Exercise brief => The answer must be an exact copy of the entries below, with no images in it.

[Records from a collection]
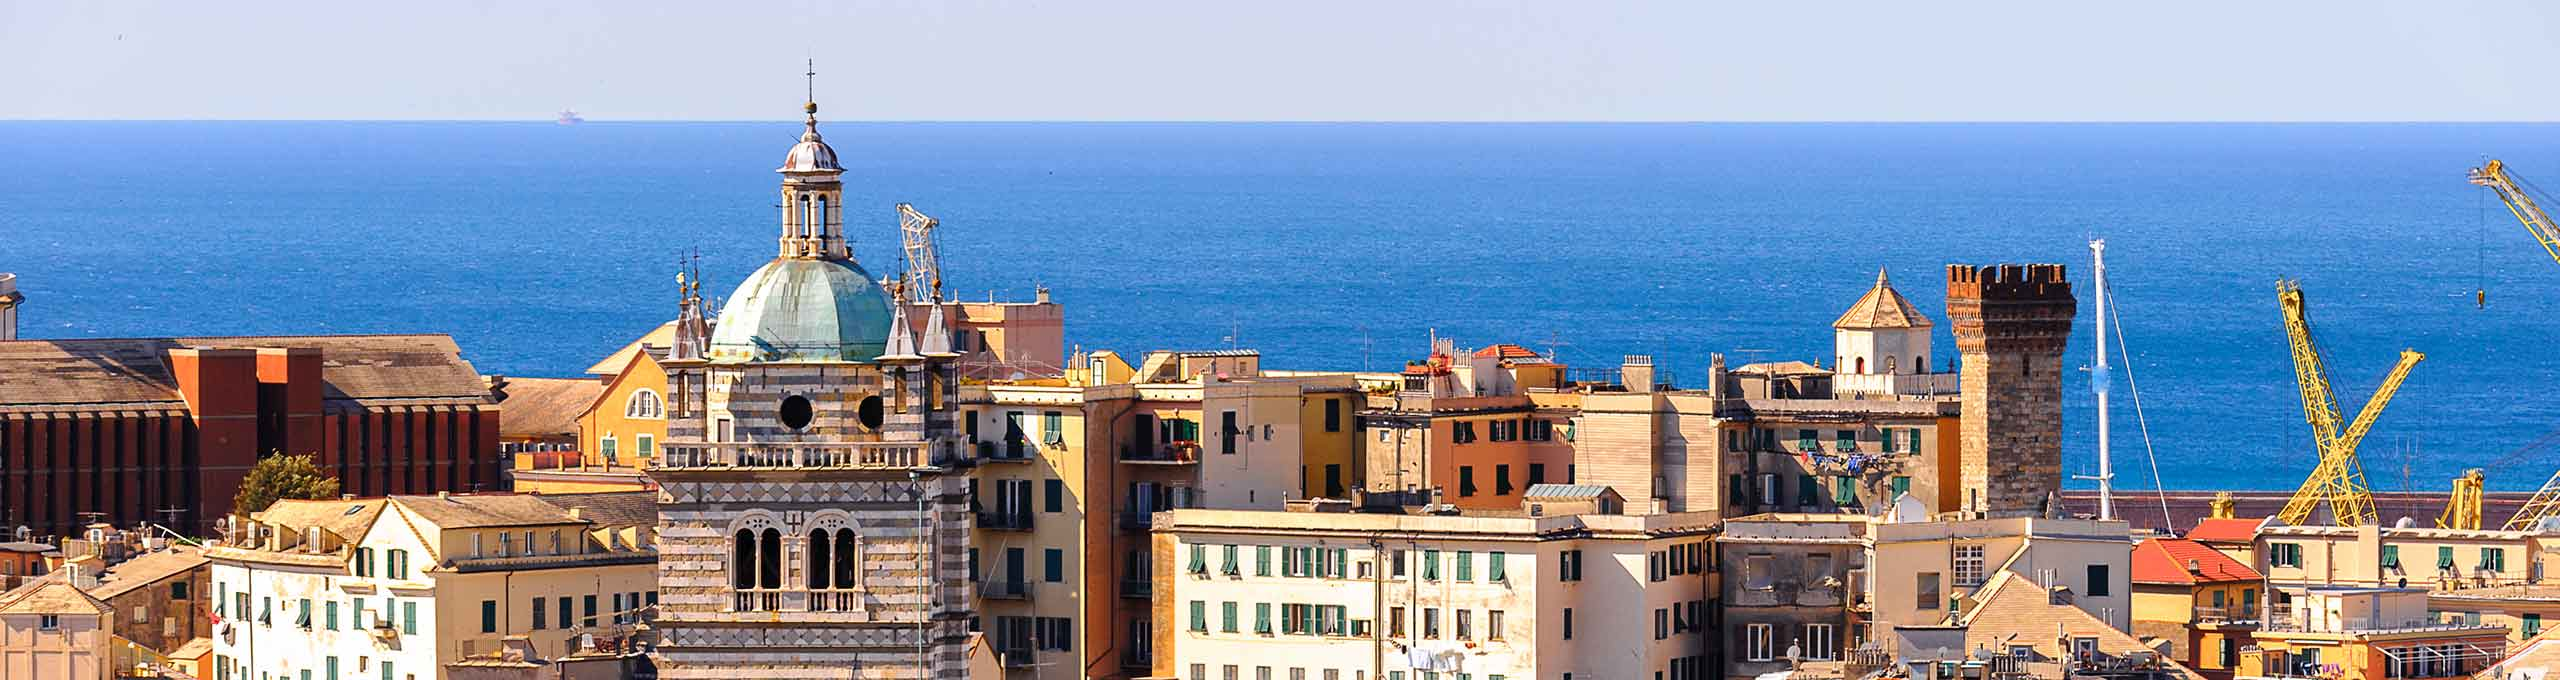 Genova, porto vecchio
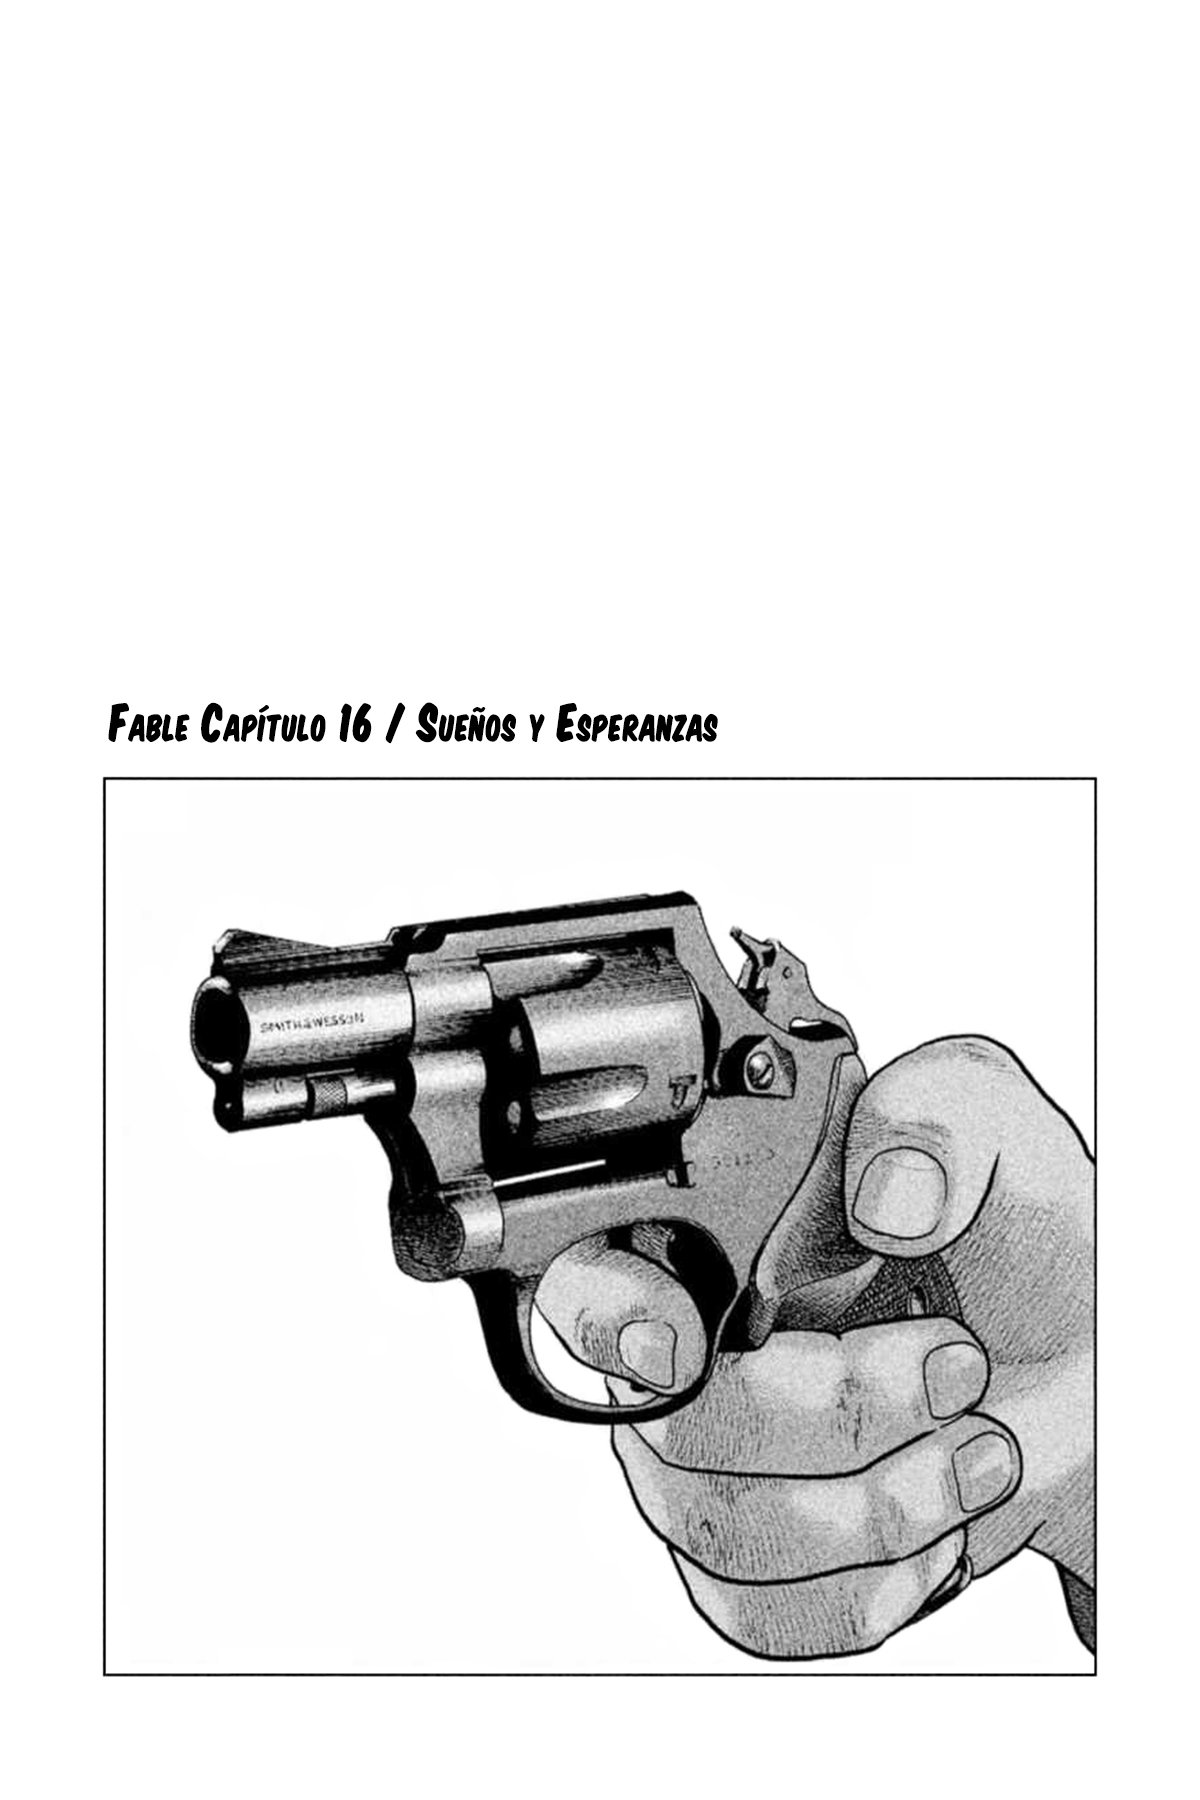 https://nine.mangadogs.com/es_manga/pic8/53/34037/946247/589ed0f0b009f655512d52bece14827c.jpg Page 1
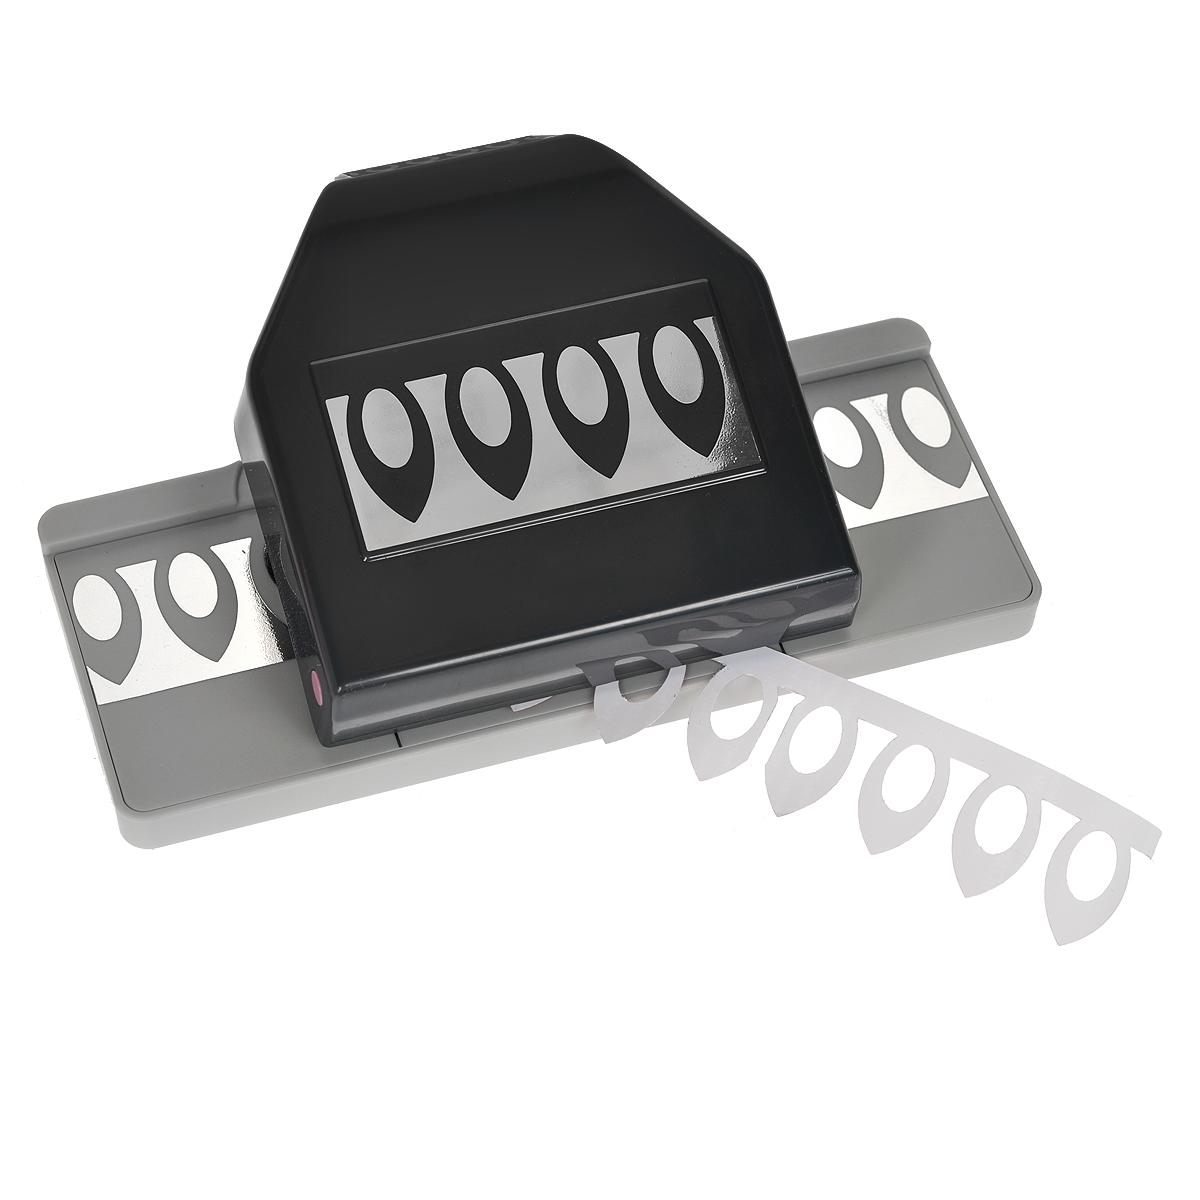 Фигурный дырокол EK Tools  Лепестки: Астра . EKS-54-51001 - Степлеры, дыроколы
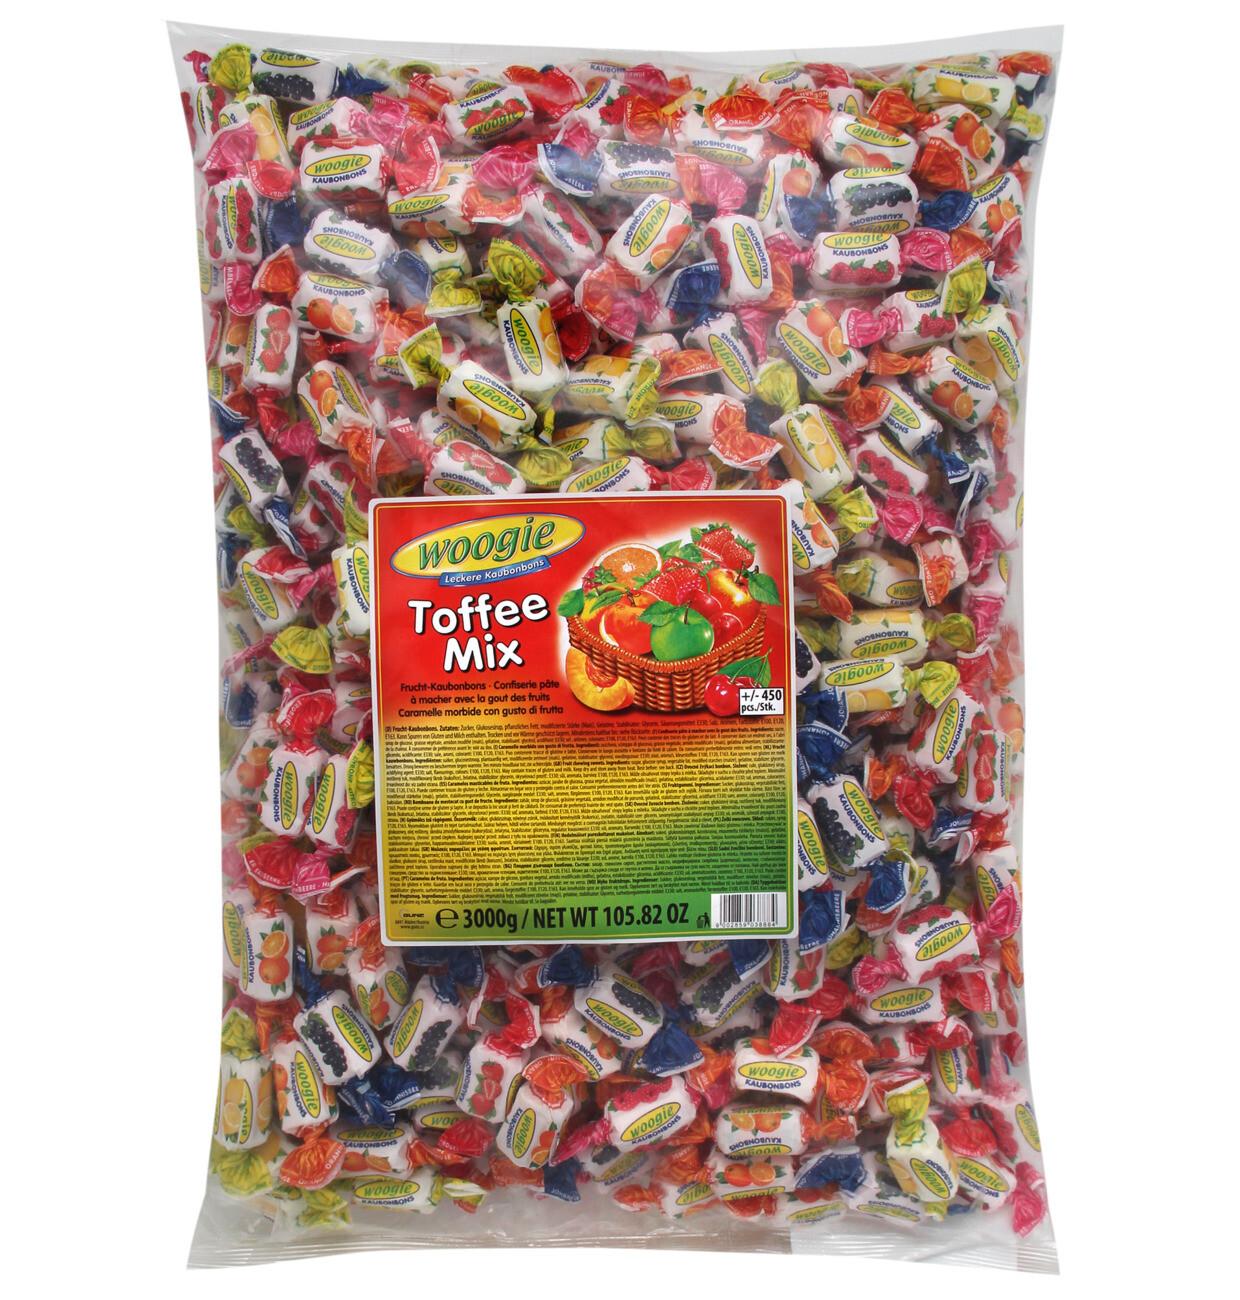 Outlet: Woogie Bonbons Toffee Mix 3kg
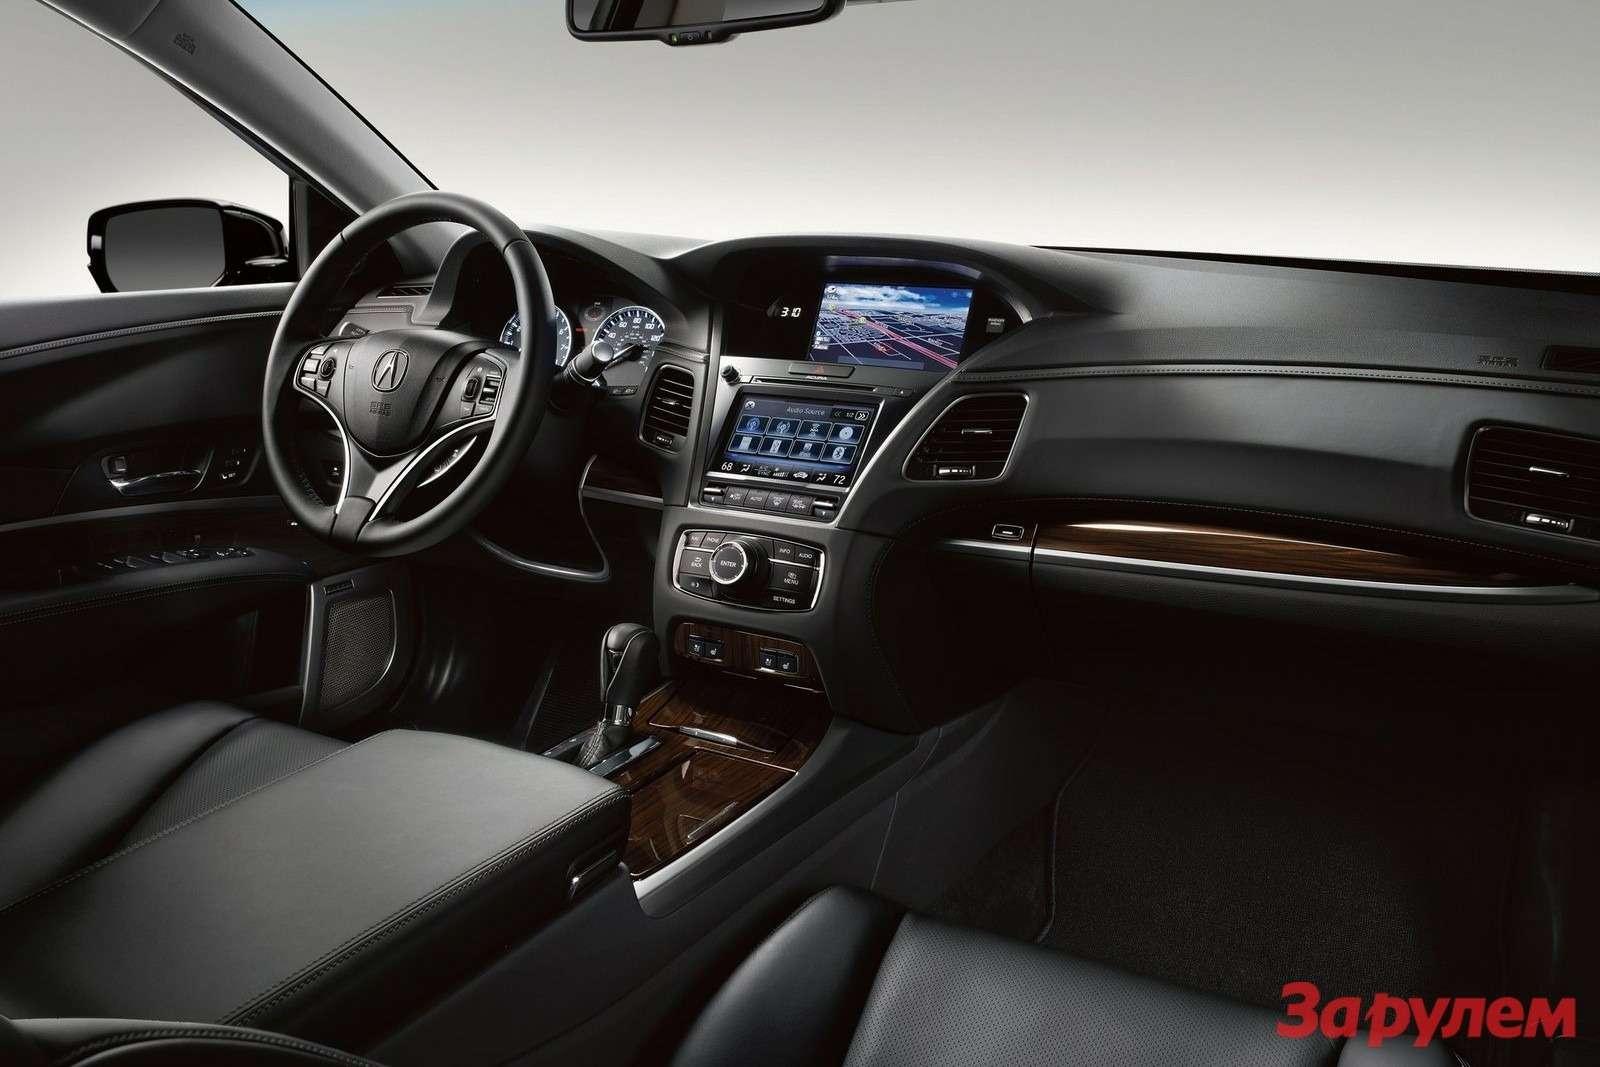 Acura RLX 2014 1600x1200 wallpaper 57

Result of this exercise =>
 Genova, porto vecchio
 https://nine.mangadogs.com/es_manga/pic8/53/34037/946247/589ed0f0b009f655512d52bece14827c.jpg Page 1
 Фигурный дырокол EK Tools  Лепестки: Астра . EKS-54-51001 - Степлеры, дыроколы
 Outlet: Woogie Bonbons Toffee Mix 3kg
 Acura RLX 2014 1600x1200 wallpaper 57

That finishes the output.